Protein-DNA docking algorithms can be broadly classified into two groups, rigid docking and flexible docking [8, 9]. Rigid docking algorithms sample the relative positions between protein and DNA while keeping the conformations of both protein and DNA molecules unchanged. Flexible docking algorithms, on the other hand, also consider the conformational changes of protein and DNA when sampling different positions between protein and DNA. While the rigid docking methods are relatively simple, they are very valuable in testing the accuracy of energy functions for binding affinity and can serve as a starting point for flexible docking predictions.

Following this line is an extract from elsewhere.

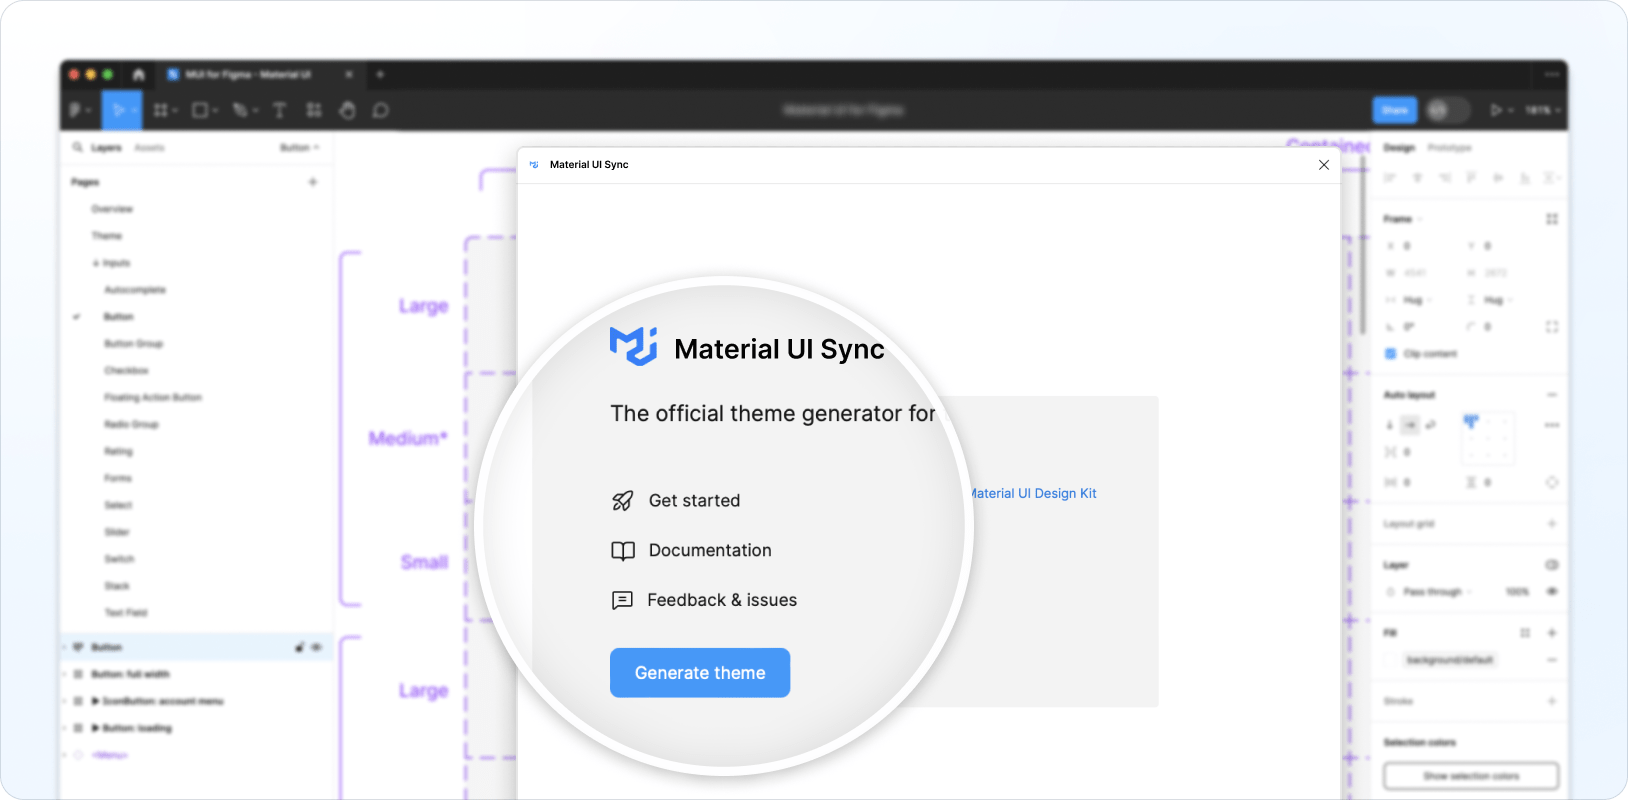 The Generate theme button in the Material UI Sync plugin UI.

A number of protein-DNA docking algorithms have been developed in the past two decades [2, 10,11,12,13,14]. These methods generally use knowledge-based or physics-based interaction potentials, or a combination of both, to guide the docking process and select complex models. The accuracy of a docking algorithm is usually reported as the percent of cases in which the algorithm makes a good prediction in terms of root mean square deviation (RMSD), either DNA backbone RMSD or interface RMSD (iRMSD), or fraction of native contacts (NC%) between the predicted complex model and the native structure [2, 10, 15, 16].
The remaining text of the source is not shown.